Q. We have 65+ year old employees on our health plan and are trying to contain costs. Can move them to Medicare? What are the rules around that? Can we pay for their Medicare costs like supplement and Part D?
A. From Scott Buisson:
That's a bit tricky. While older members can be a large portion of plan costs you have to be careful to avoid age discrimination when discussing a move to Medicare.
It is illegal to force an employee over the age of 65 to drop their company plan or incentivize them to do so. You can simply educate them about all of their options including the Medicare option.
You can show what plans are available as well as the costs of each plan and leave it up to the employee to decide whether they want to come off the company plan or not. The employer cannot tell the employee that the company will pay them if they come off the plan or otherwise cover the costs of the employee’s individual Medicare coverage.
In some instances employers can set up a group Medicare Advantage plan that is available to all active Medicare eligible employees and the company can pay the premiums for this plan. This can be a good option depending on the size of the group as well as other factors. Employers can also set up retiree medical coverage for those employees who are no longer active employees. There are, as always, advantages and disadvantages as well as various qualifications and restrictions with these options.
From the employee’s perspective a major factor will likely be price: the price they are paying for the company plan vs. the total cost for comparable Medicare coverage. This is a complicated formula that is determined on a case-by-case basis depending upon the Medicare recipient’s income and choices regarding plan design. A Medicare licensed broker can sit with each eligible employee to fully discuss the options and help the employee to make an informed decision.

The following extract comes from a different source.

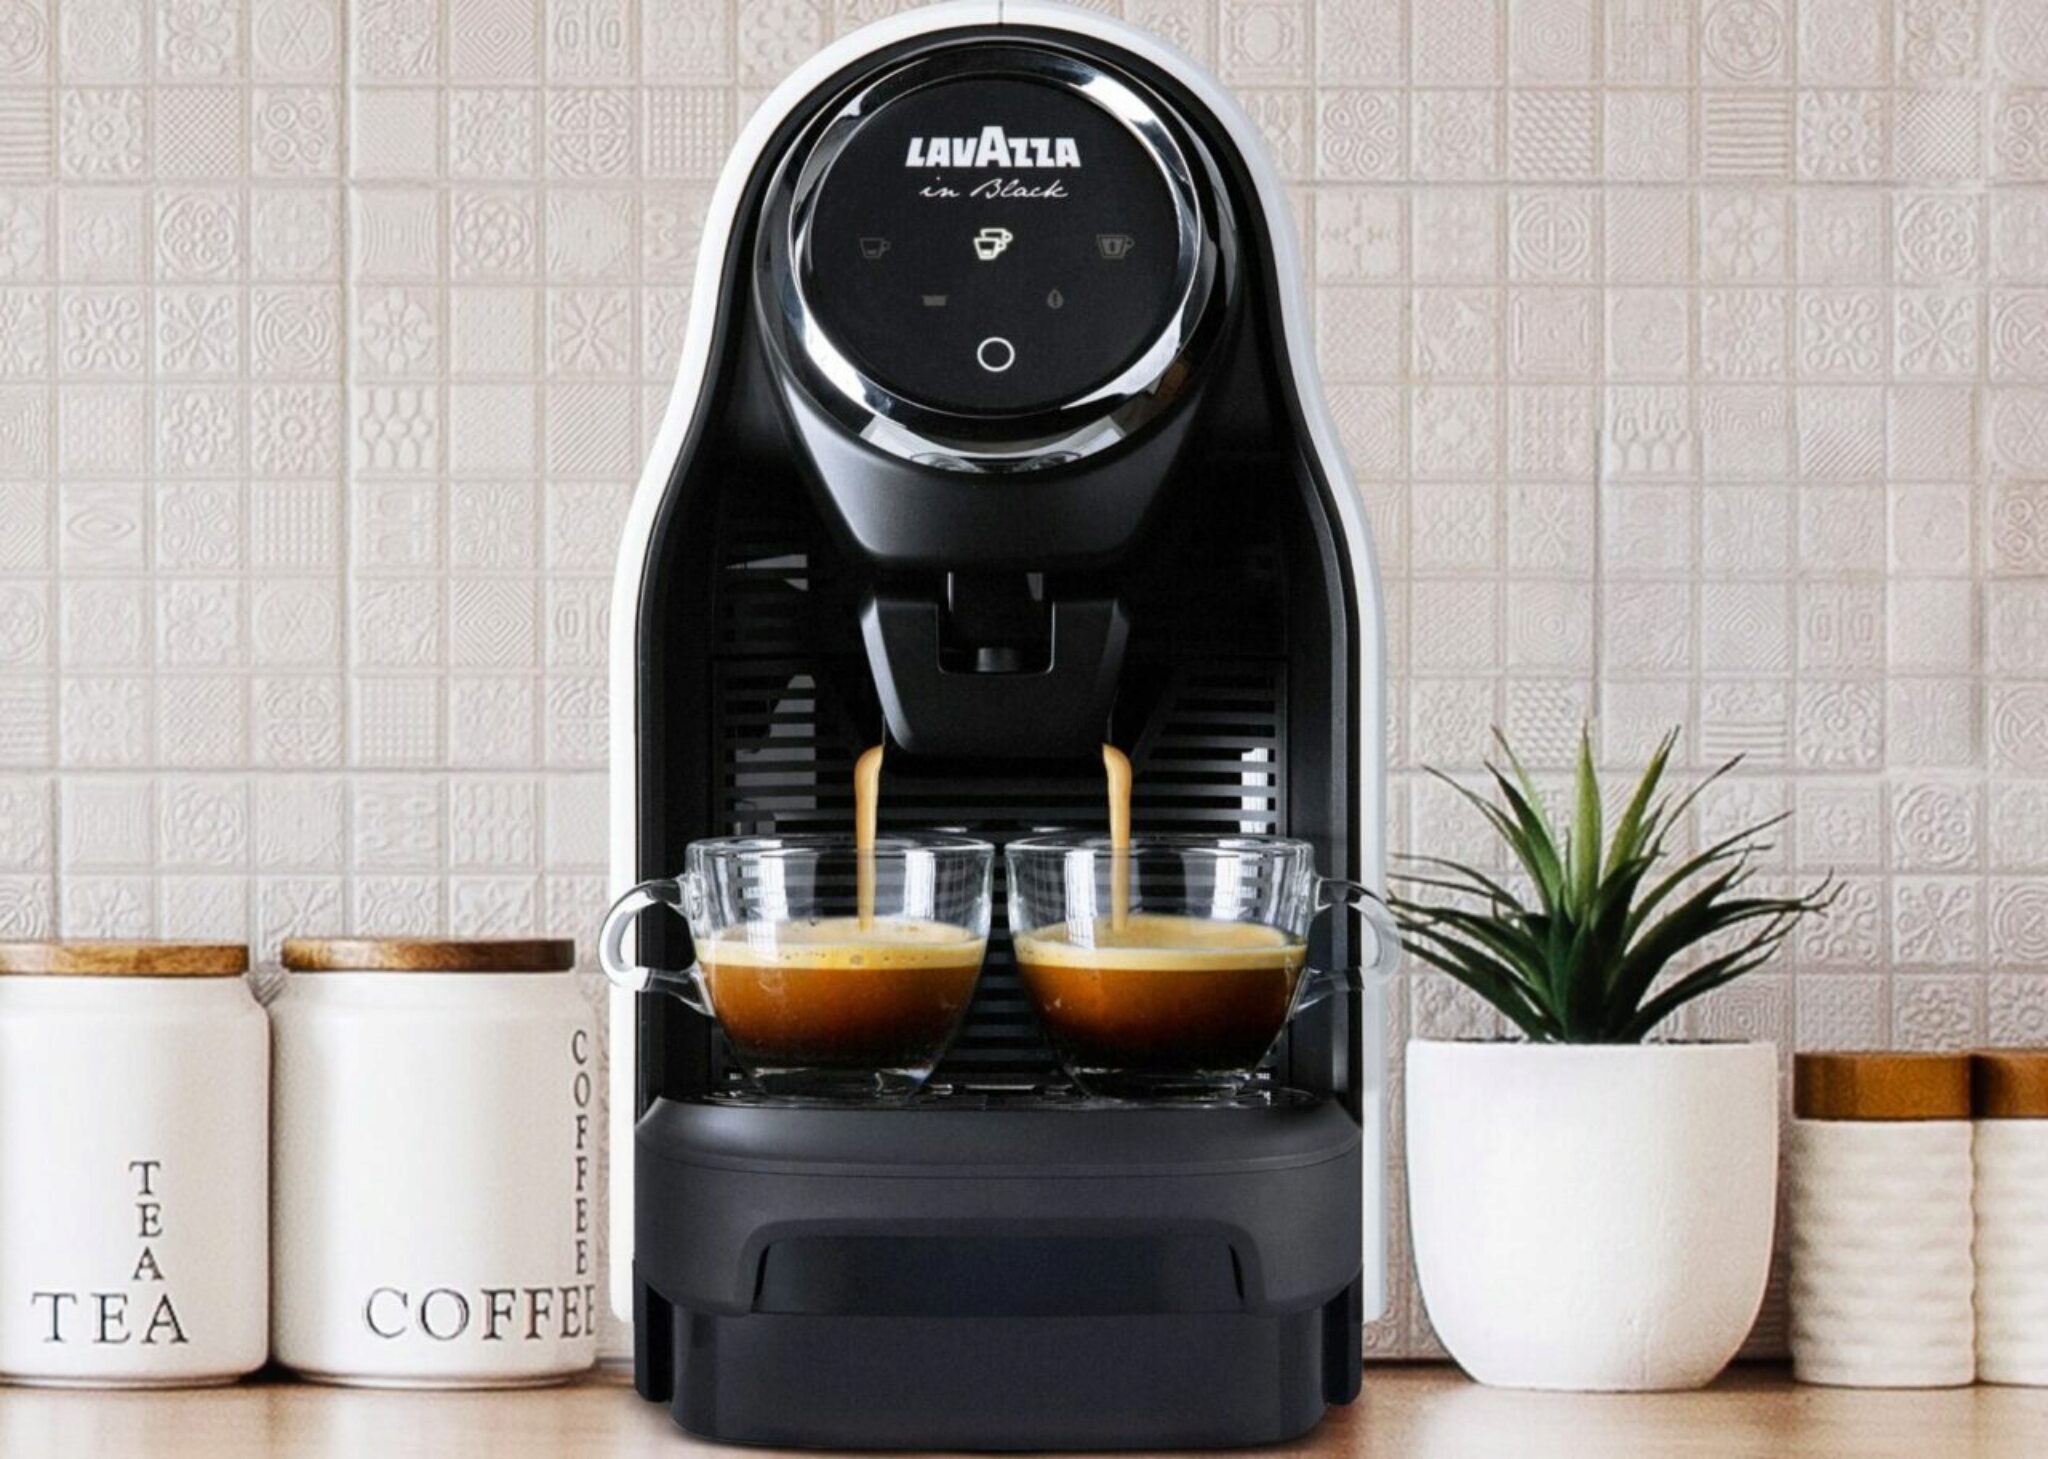 Le 5 Migliori App Per Il Caffe Che Ti Aiuteranno A Preparare Un Caffe Migliore

Cost is always a factor but there are other considerations as well such as whether or not the employee is also providing health coverage for their dependents. If the employee is age 65 but their spouse is only 40 years old and/or their kids are teenagers it will create a problem for the employee to move to Medicare. If they do not have alternative coverage available for the dependents the whole family would lose coverage when the employee moves to Medicare. The spouse and children would be eligible for Cobra for 36 months but after that they would be on their own to find health coverage.
Cobra and Medicare eligibility is also a tricky subject. Medicare does not recognize Cobra as Creditable coverage when determining eligibility and penalties that can be applied for being uninsured for a period of time. That means that if an employee is going from full time to part time and becoming ineligible for company benefits they are eligible for Cobra for up to 18 months but would face a penalty when later applying for some portion of their Medicare premium. In that instance, the employee would need to sign up at least for Medicare Part B and take a Medicare plan when the company plan ends in order to avoid that penalty.
Medicare is tricky. It is best to act cautiously and seek advice from a licensed professional. Your group health plan advisor should be able to properly guide you in determining what is best for you and your employees or refer you to a licensed advisor who can.